**Work to complete**
Only the lines from the one containing "Siemens Buzdolabı Derece Işığı Yanıp Sönüyor" to the end of the data below belong in the answer, each repeated exactly; no pictures.

┌─ Data excerpt

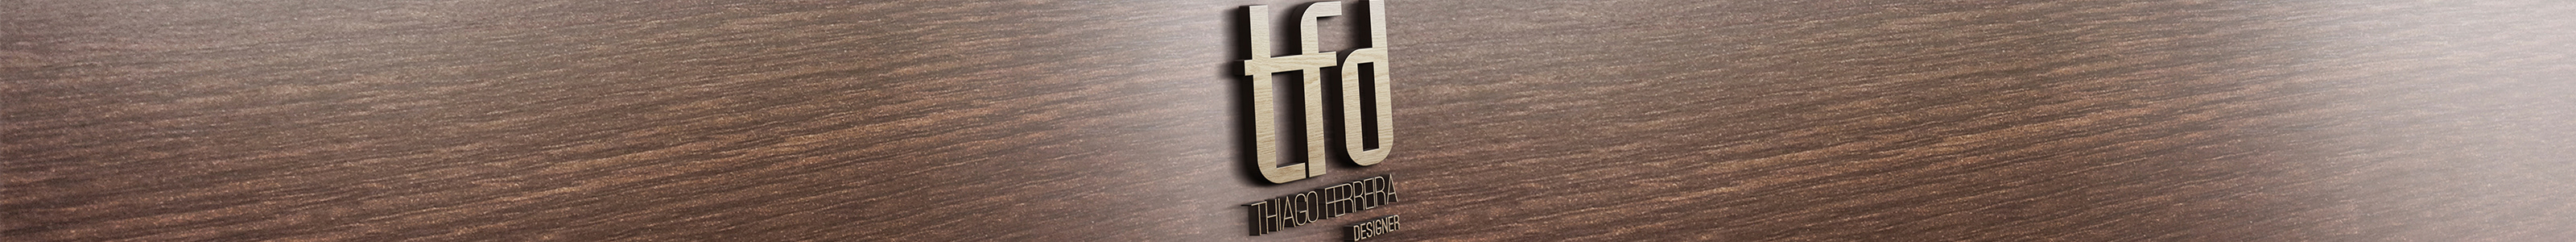 Thiago Ferreiras profilbanner
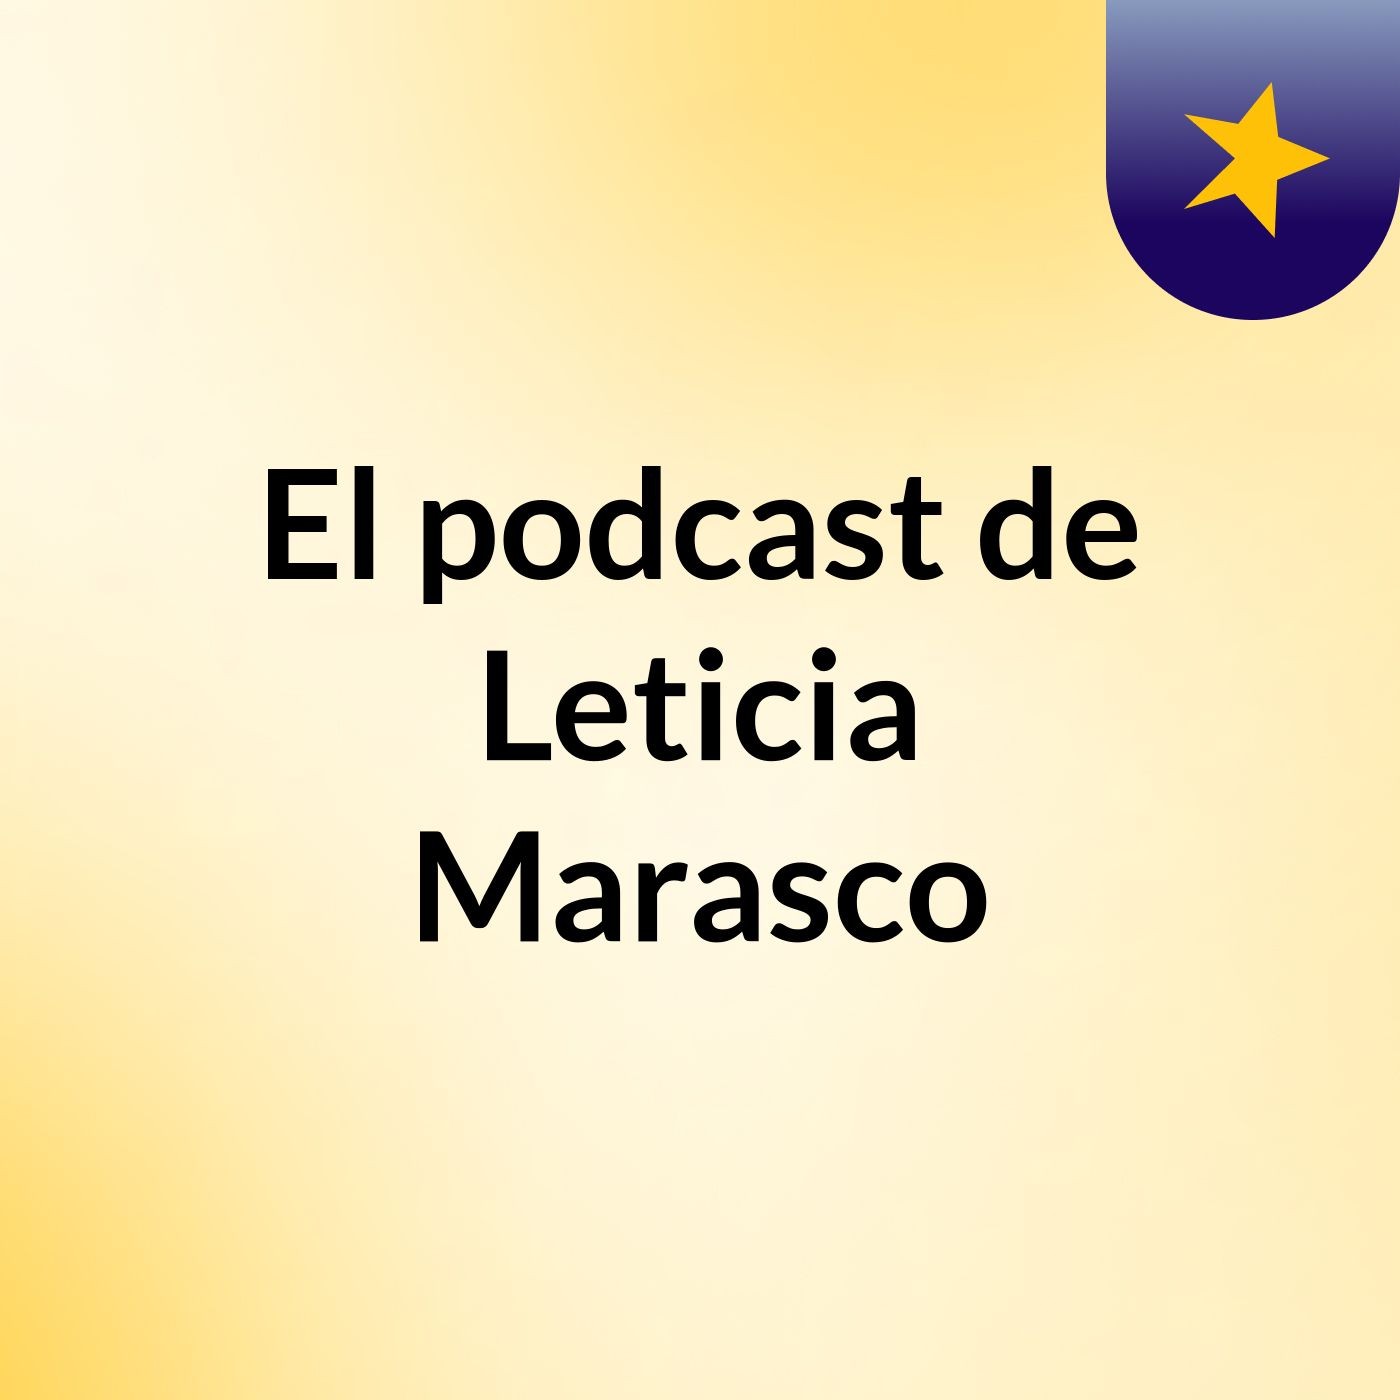 El podcast de Leticia Marasco
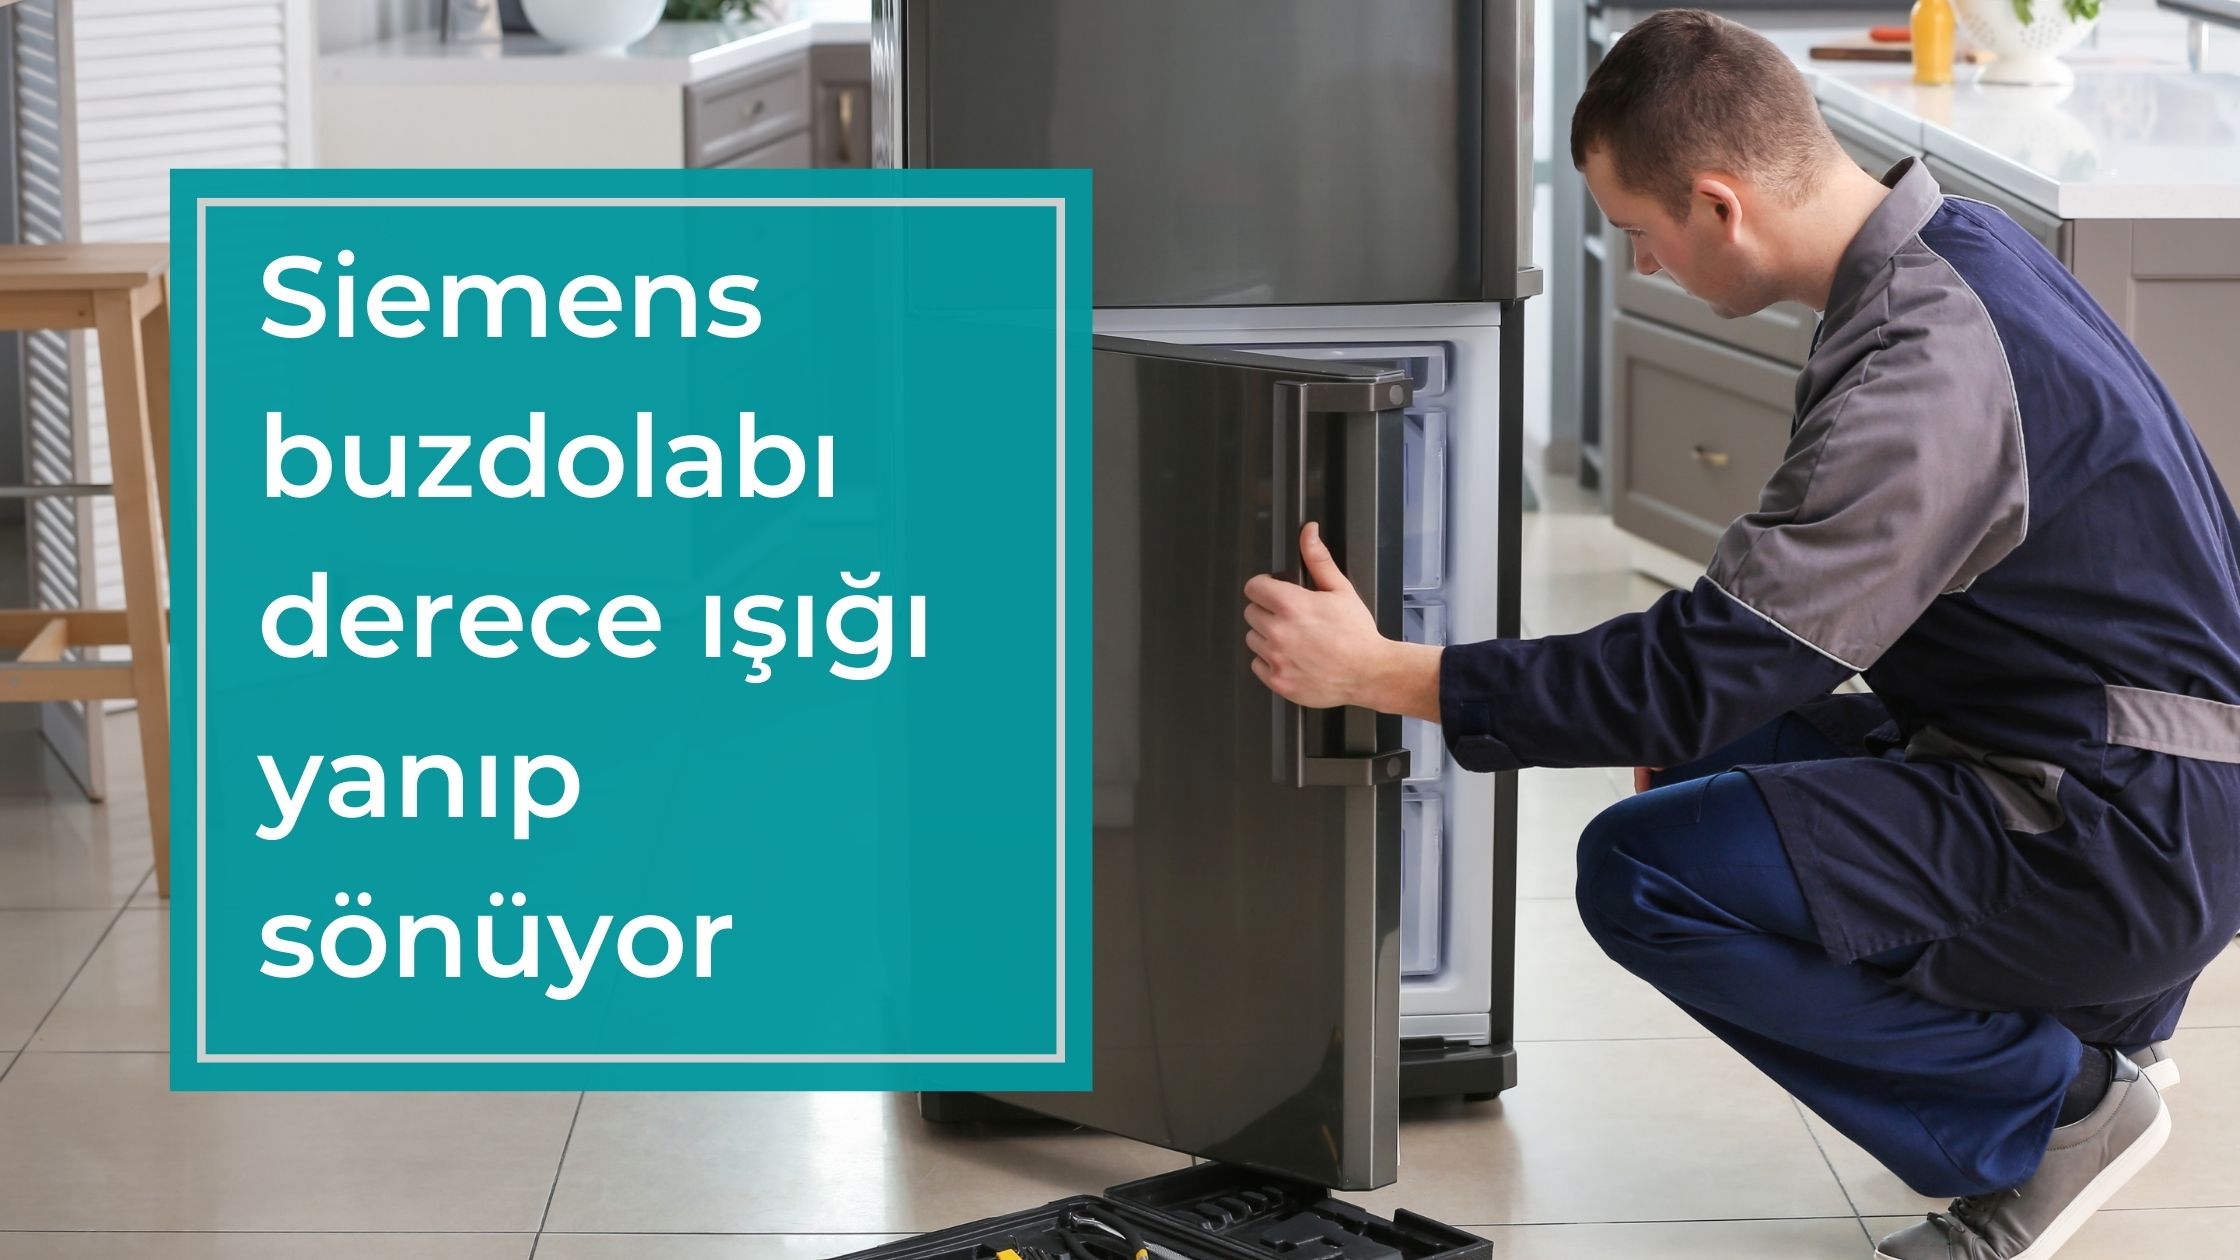 Siemens Buzdolabı Derece Işığı Yanıp Sönüyor
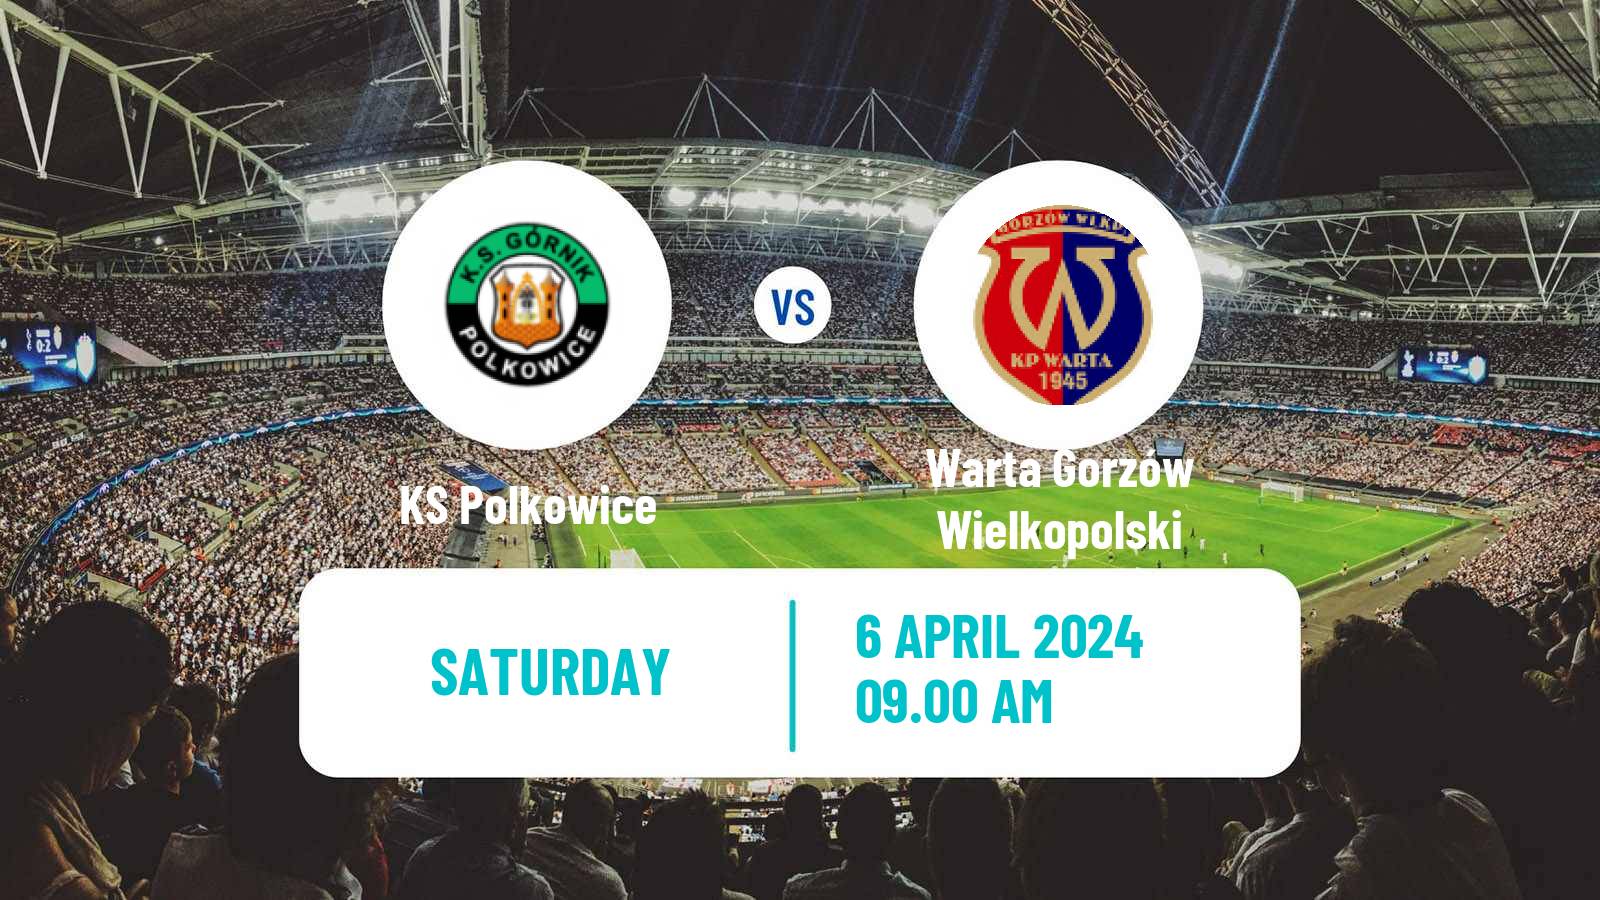 Soccer Polish Division 3 - Group III Polkowice - Warta Gorzów Wielkopolski

└─

**Solution for this exercise**
 Siemens Buzdolabı Derece Işığı Yanıp Sönüyor
 Soccer Polish Division 3 - Group III Polkowice - Warta Gorzów Wielkopolski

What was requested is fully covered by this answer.